Revenue from TEL products was up by 31.7% to US$18.7 million, as the Group’s Japanese customer increased orders after recovering from the earthquake in March 2011. VTech also expanded further in Taiwan, and entered into new markets such as Indonesia. In Australia, sales declined moderately as new products have been scheduled for introduction in the second half of the financial year.
Revenue from ELPs in Asia Pacific was US$11.2 million, a 6.7% increase over the same period last year. Sales were higher in China, Korea and Japan, as the Group made further inroads into those markets. Shipment to Australia, ELPs’ biggest market in Asia Pacific, held steady.
CMS revenue in Asia Pacific declined by 8.3% as compared with the first half of the previous financial year to US$21.1 million. In Japan, revenue was lower as sales in marine radio were unable to offset lower sales of consumer LED light bulbs and medical and health products. The handheld radiation detector business returned to normal, as the effect of the earthquake last year receded. However, CMS did achieve strong growth in China and Korea. In China, the enhanced manufacturing facility of CMS, which started operation in November 2011, has helped customers to distribute products in the domestic market more efficiently. In Korea, the Group managed to grow its business with an existing customer.

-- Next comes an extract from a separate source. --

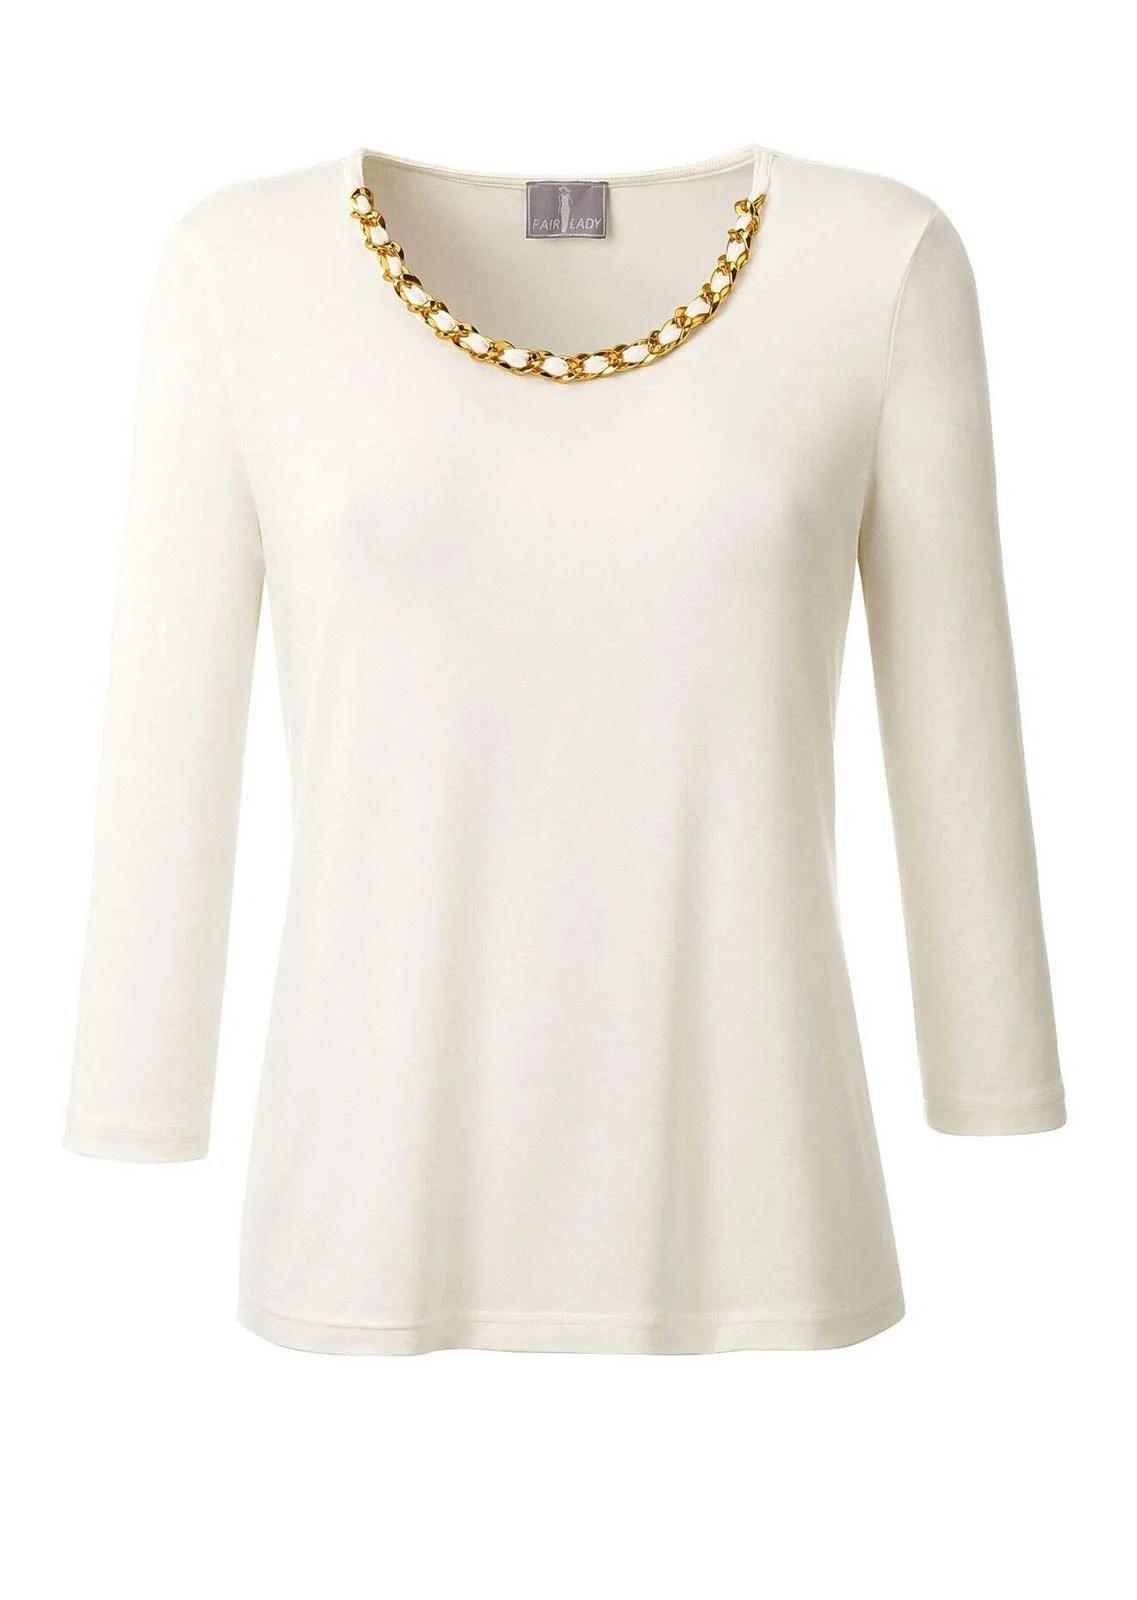 688.096 Fair Lady Jerseyshirt mit Schmuckkette, wollweiß
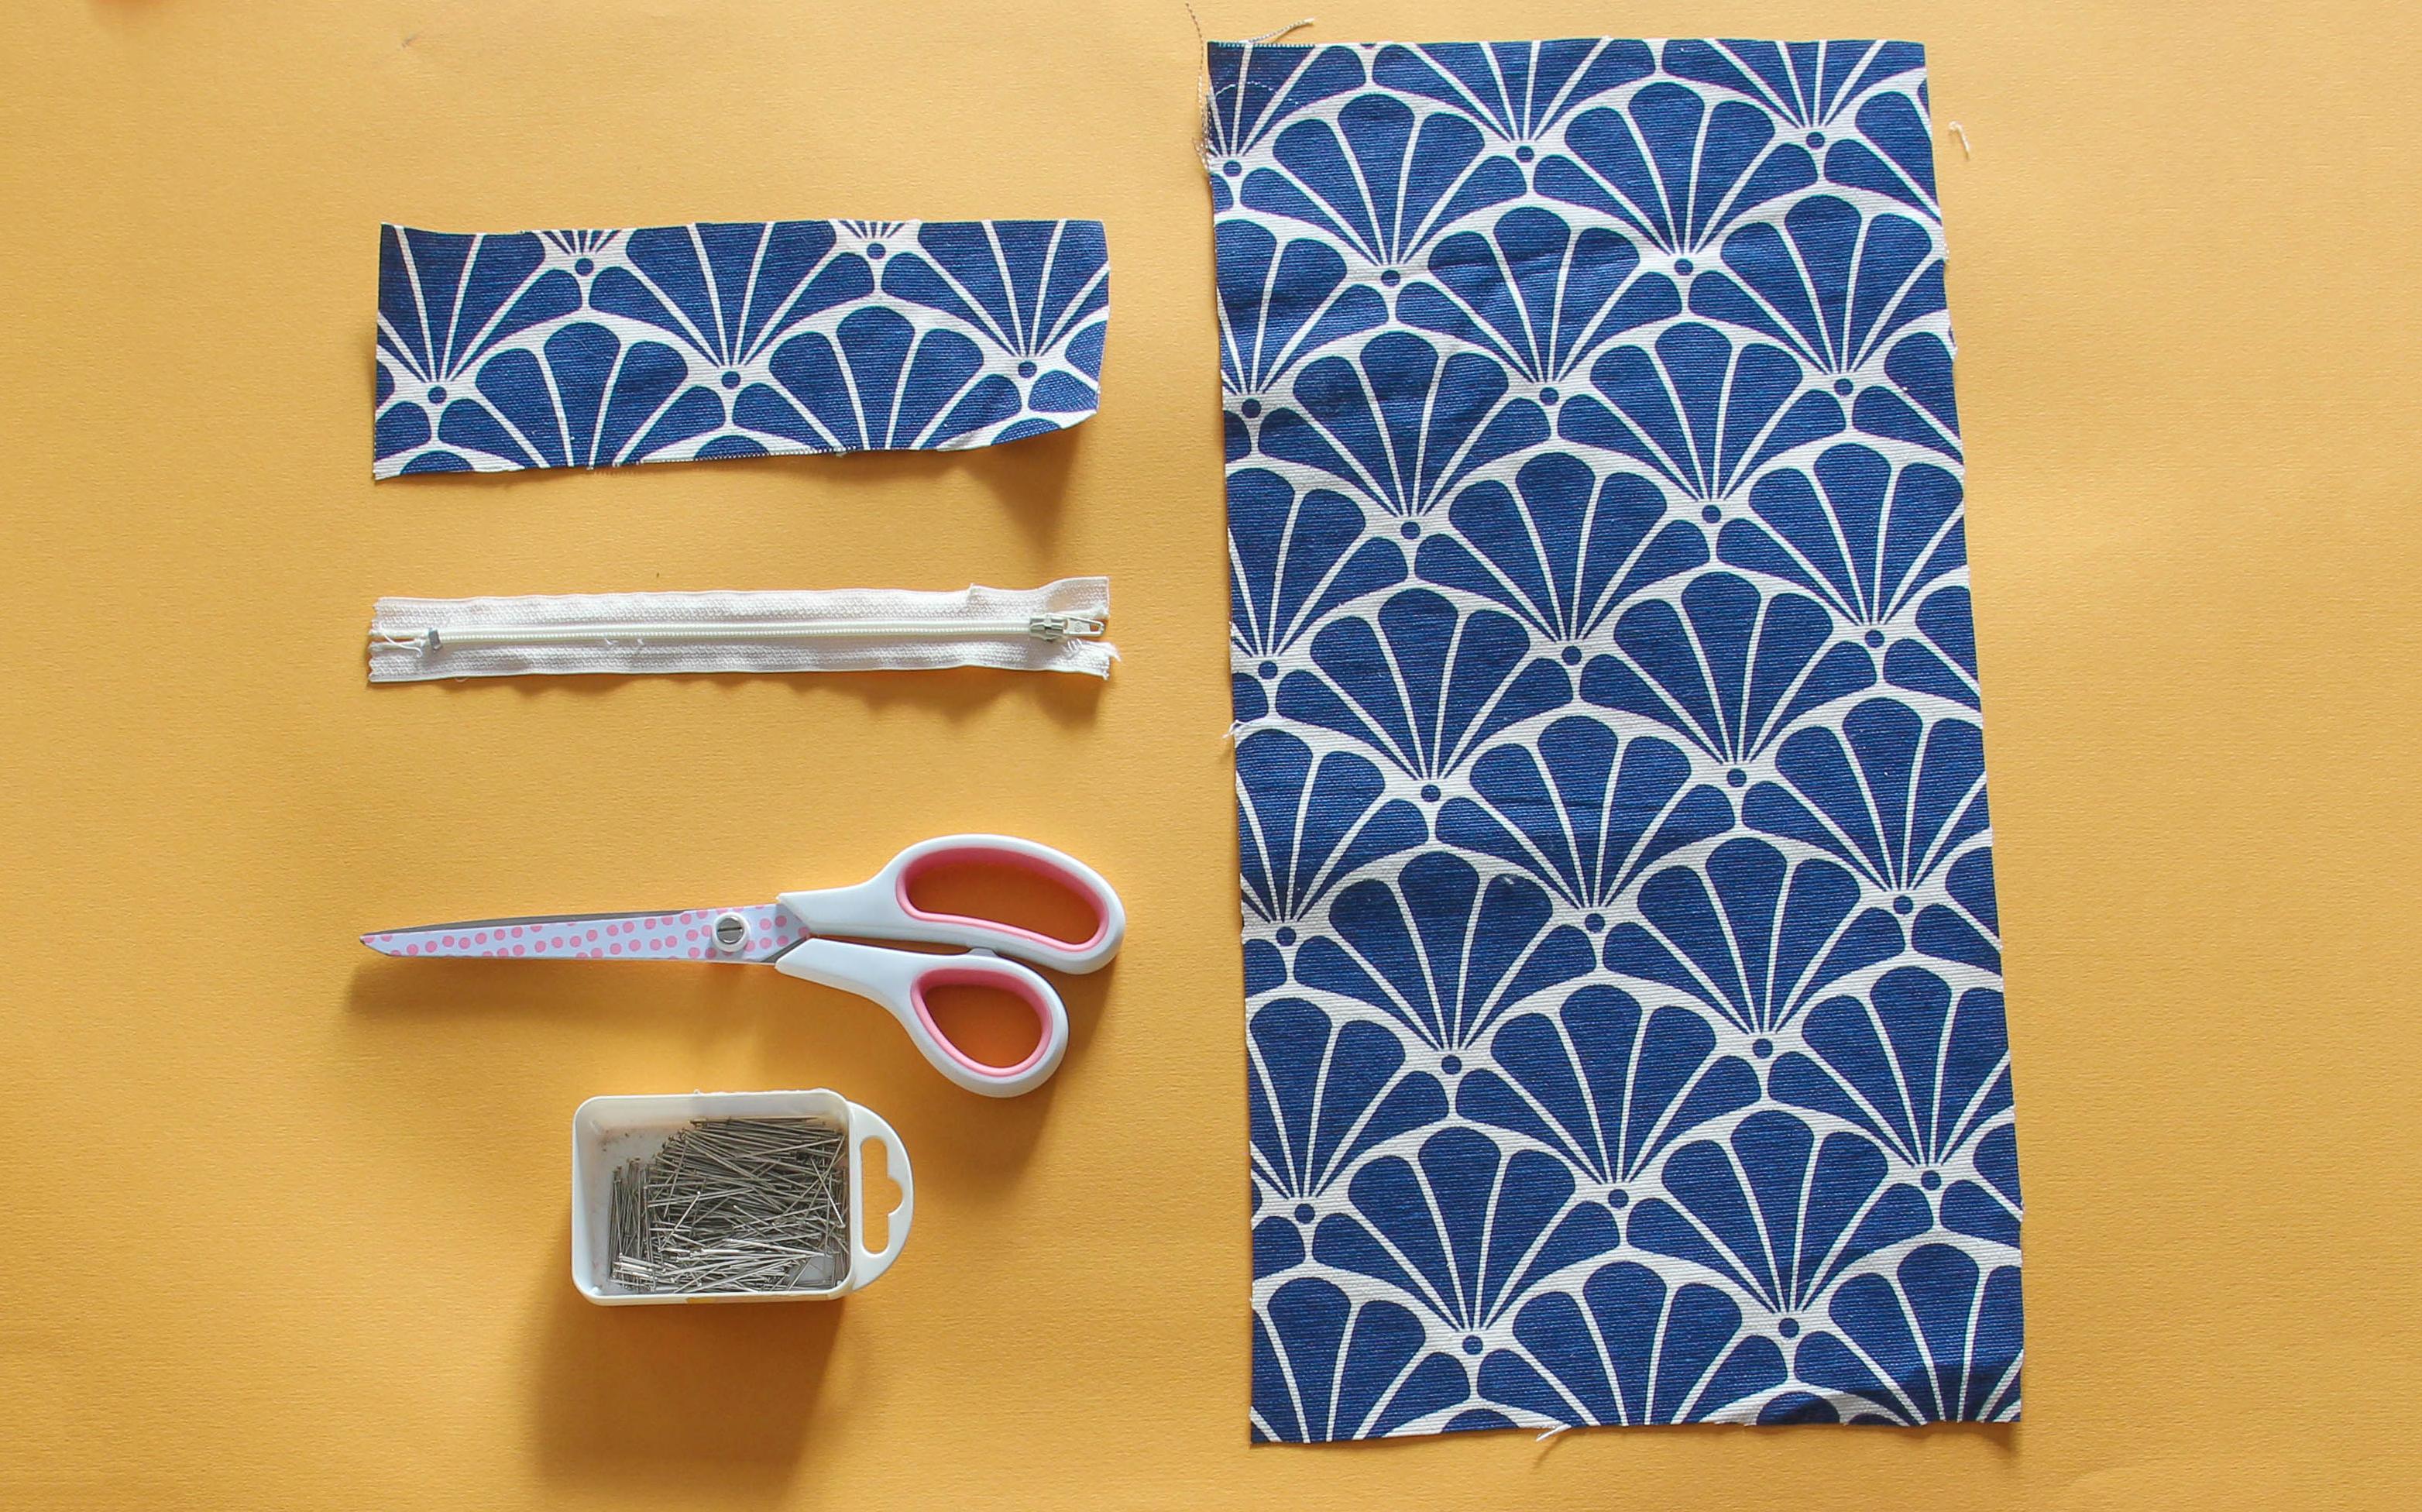 82c6a1b2d5 Prendre votre zip, mesurez le (la partie zip et non la partie textile).  Ajouter 3 cm à cette largeur. Tracez un rectangle qui fait la dimension que  vous ...

Other regions include Latin America, the Middle East and Africa. Revenue in the first half of the financial year 2013 was US$34.1 million, down 20.1% as compared with the same period last year. These regions accounted for 3.9% of Group revenue.
Africa and the Middle East recorded growth during the period, but this was more than offset by a decline in Latin America. All product lines saw sales decline in other regions overall. Revenue from TEL products fell by 27.8% to US$19.5 million while revenues from ELPs and CMS decreased by 6.5% and 25.0% to US$14.3 million and US$0.3 million respectively.
The global economic environment remains challenging. In the US, growth is uncertain, with a lingering high level of unemployment. In Europe, austerity measures are depressing consumer demand. Nevertheless, VTech remains cautiously optimistic of achieving overall top line growth in the financial year 2013. Labour cost and manufacturing overhead will increase further from the first half of the current financial year. Additionally, the Group will continue to invest in Corporate Social Responsibility (CSR) to achieve sustainable development with its people, the community and the environment. As a result, the Group does not expect gross margin to improve, while bottom line growth will be modest.
The operating environment for residential cordless telephones will continue to be difficult in the second half of the financial year. Consumer demand is expected to remain soft, while customers have been delaying replenishment until the last minute. Despite these challenges, VTech will continue to build on its success in SMB and hotel phones, while bringing further innovation to the residential phone market.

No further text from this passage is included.